WORK INSTRUCTIONS:
Restate the data word for word. Leave the pictures out.

DATA EXTRACT:

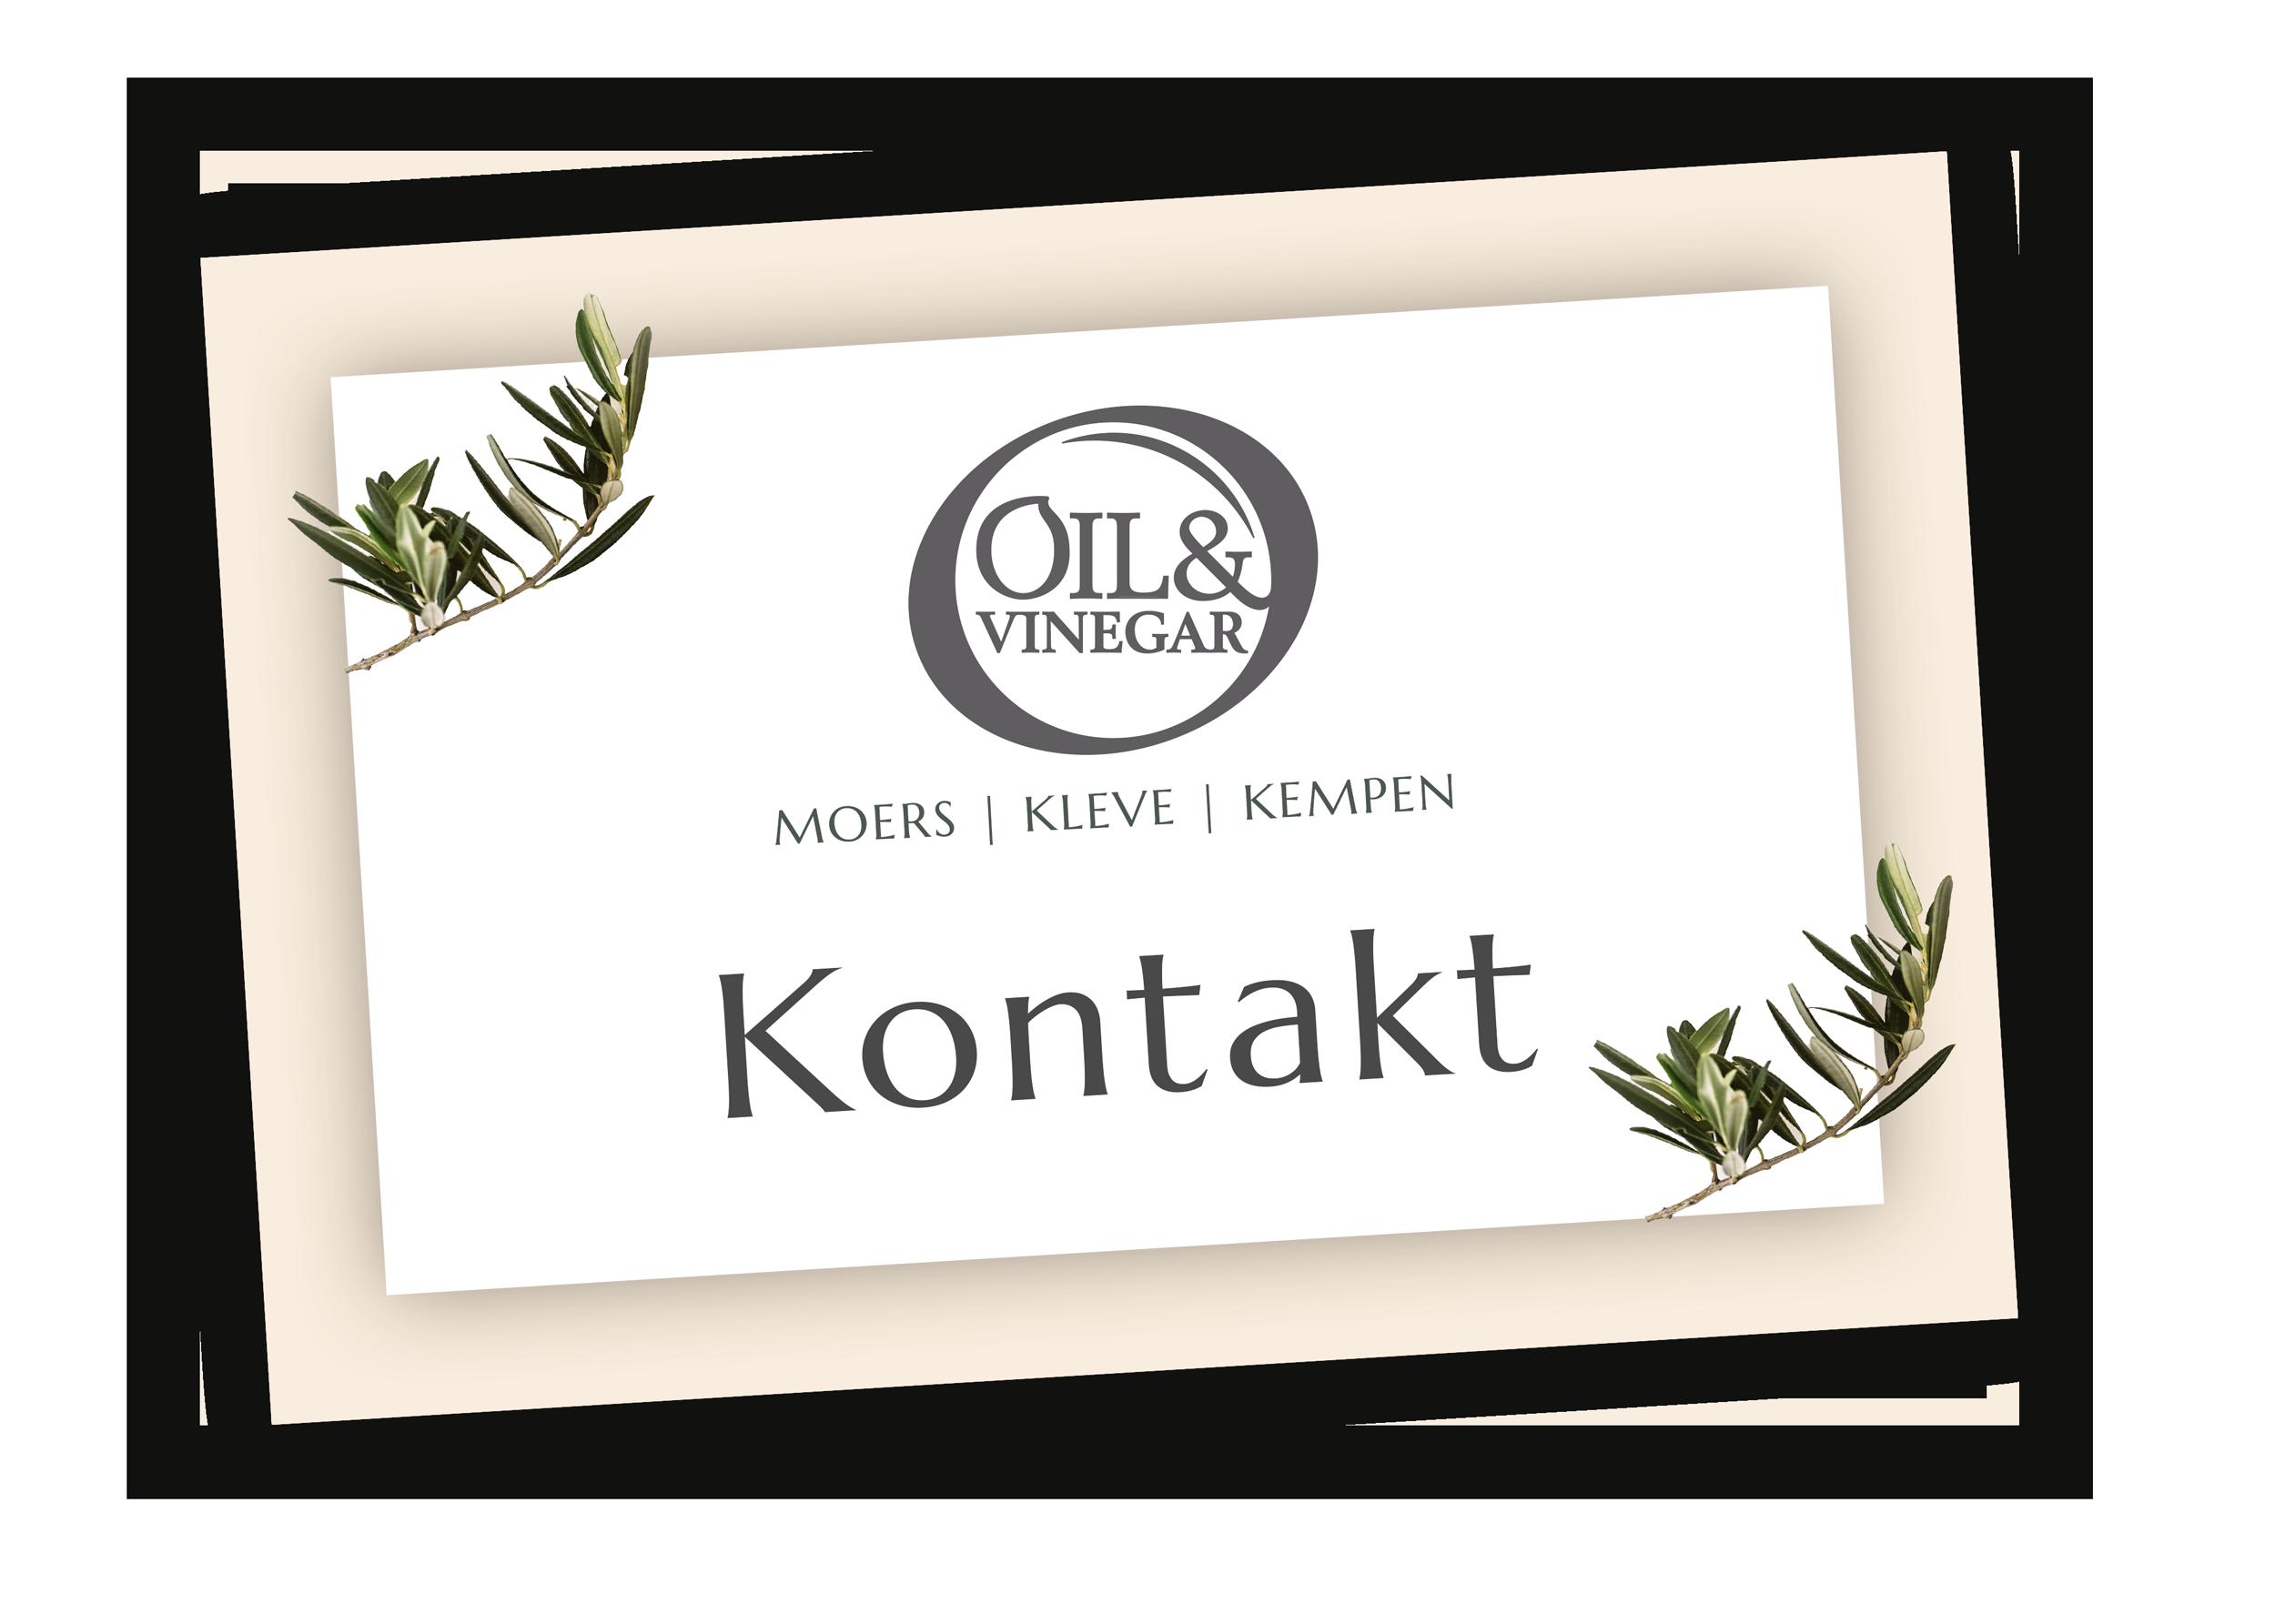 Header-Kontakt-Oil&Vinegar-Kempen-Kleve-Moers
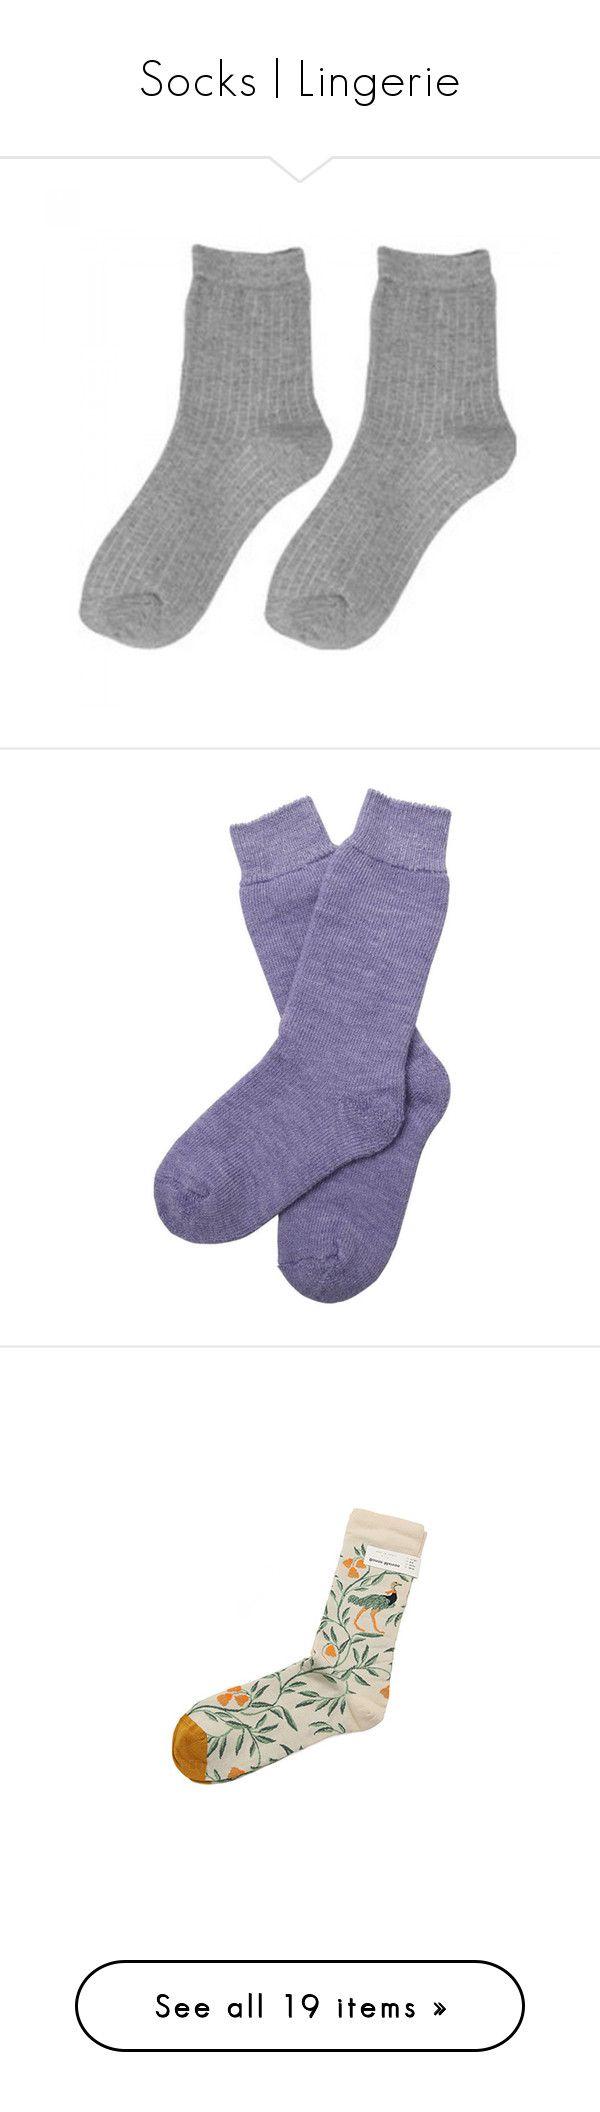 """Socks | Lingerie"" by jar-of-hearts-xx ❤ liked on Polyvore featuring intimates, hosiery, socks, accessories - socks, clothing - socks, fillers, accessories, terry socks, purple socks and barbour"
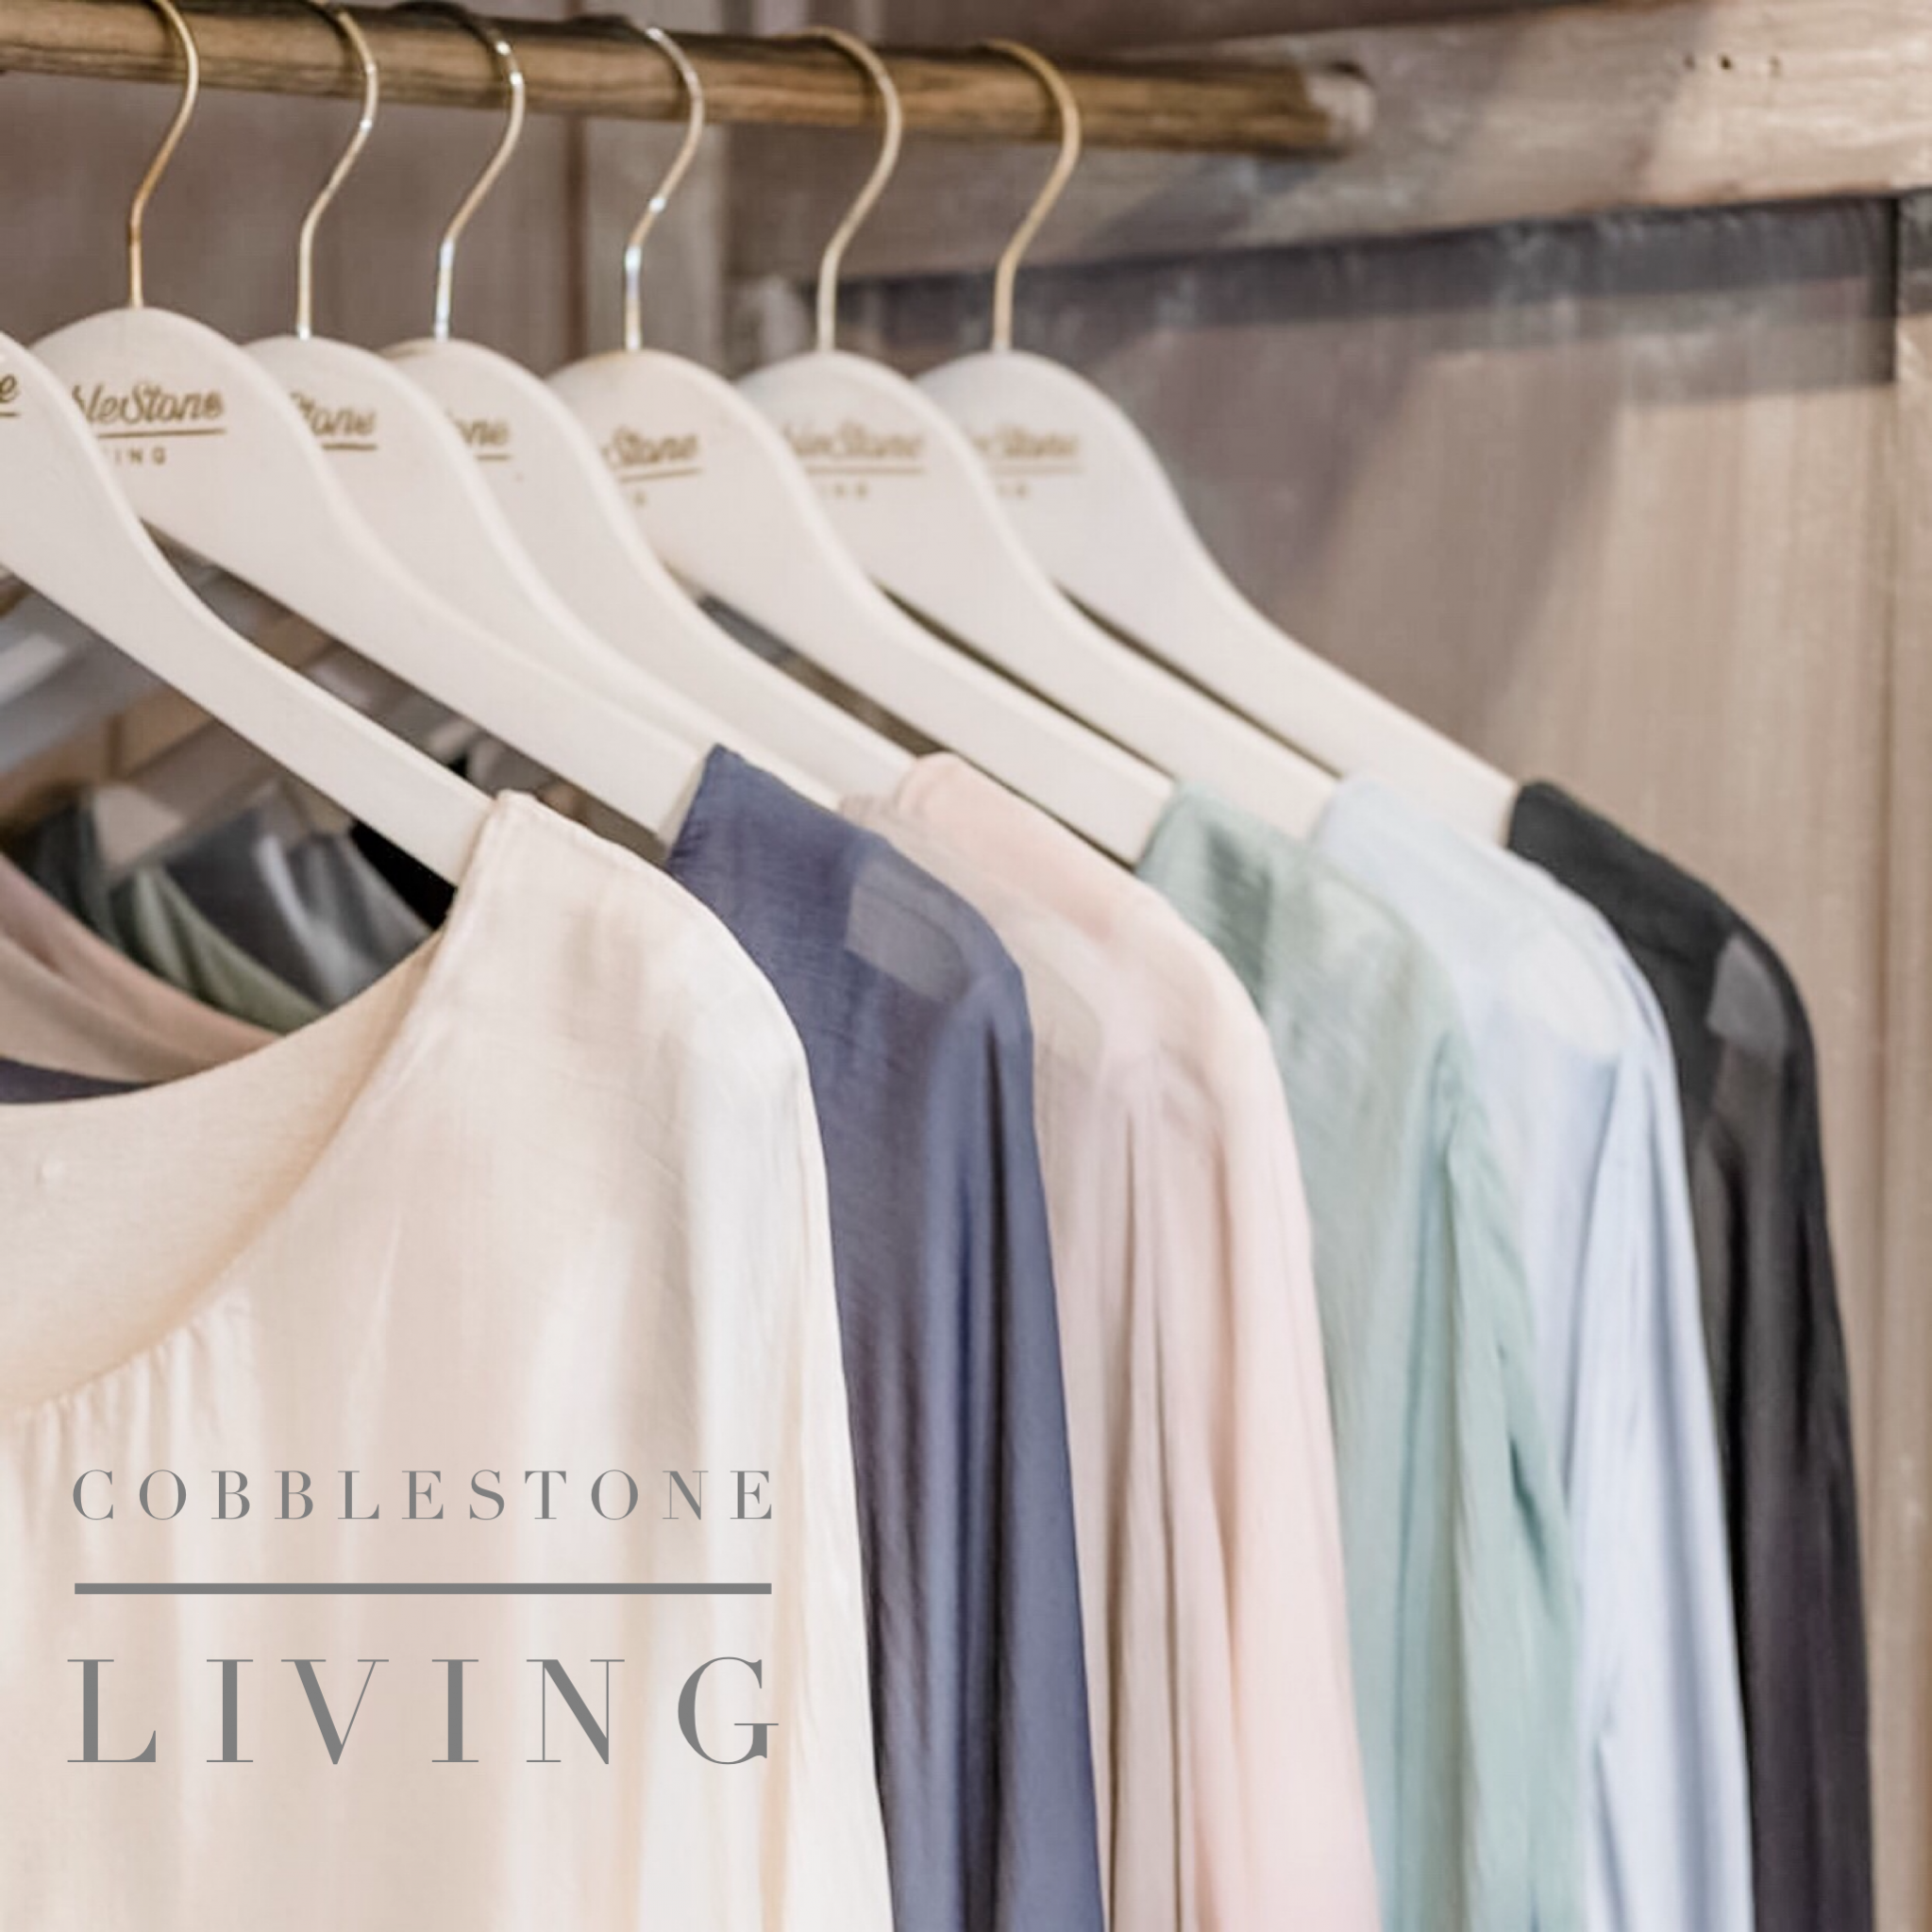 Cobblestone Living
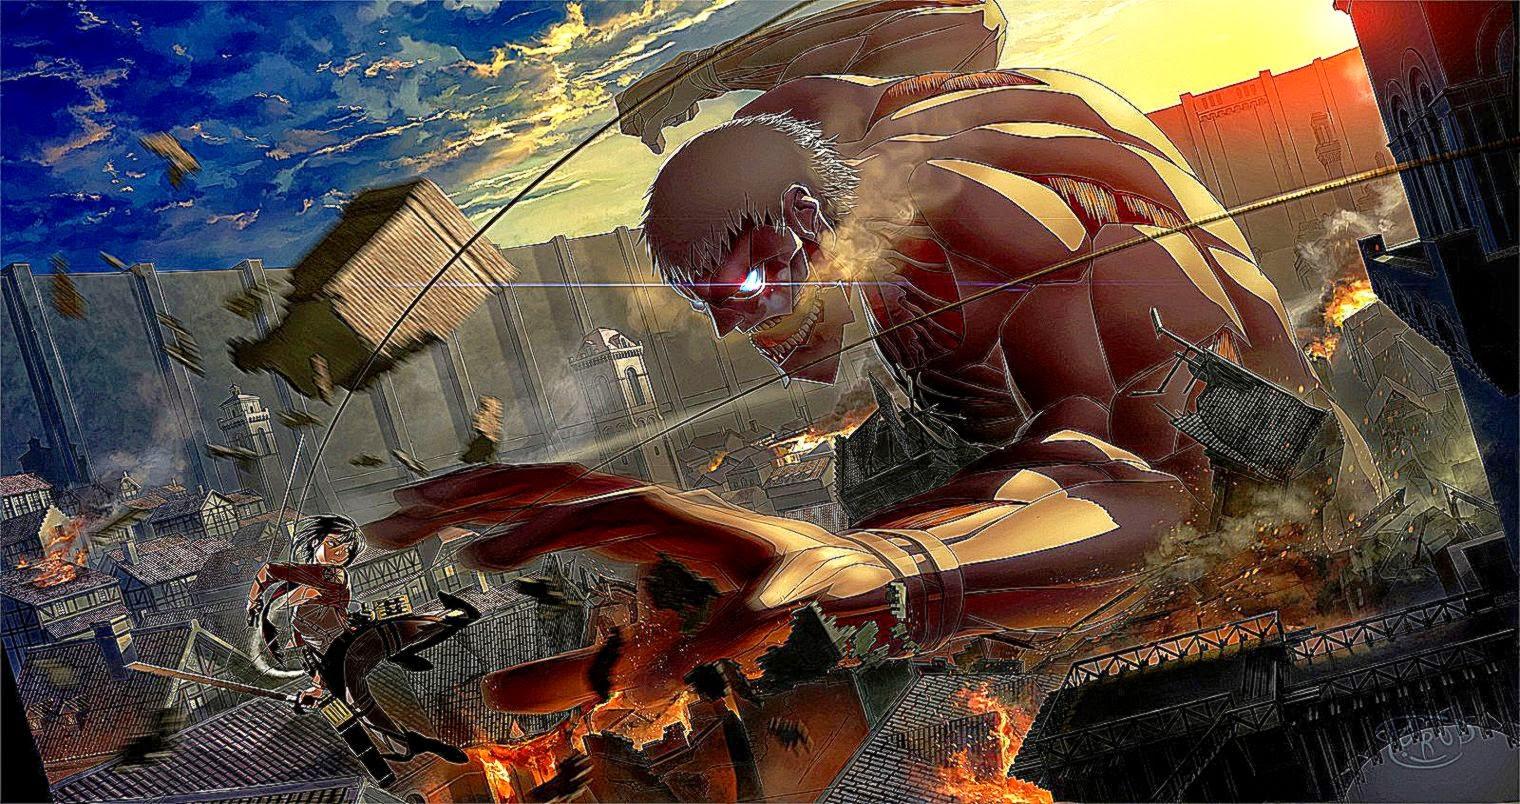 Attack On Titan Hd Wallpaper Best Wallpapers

WORKED SOLUTION:
 Header-Kontakt-Oil&Vinegar-Kempen-Kleve-Moers
 """Socks | Lingerie"" by jar-of-hearts-xx ❤ liked on Polyvore featuring intimates, hosiery, socks, accessories - socks, clothing - socks, fillers, accessories, terry socks, purple socks and barbour"
 Cobblestone Living
 Attack On Titan Hd Wallpaper Best Wallpapers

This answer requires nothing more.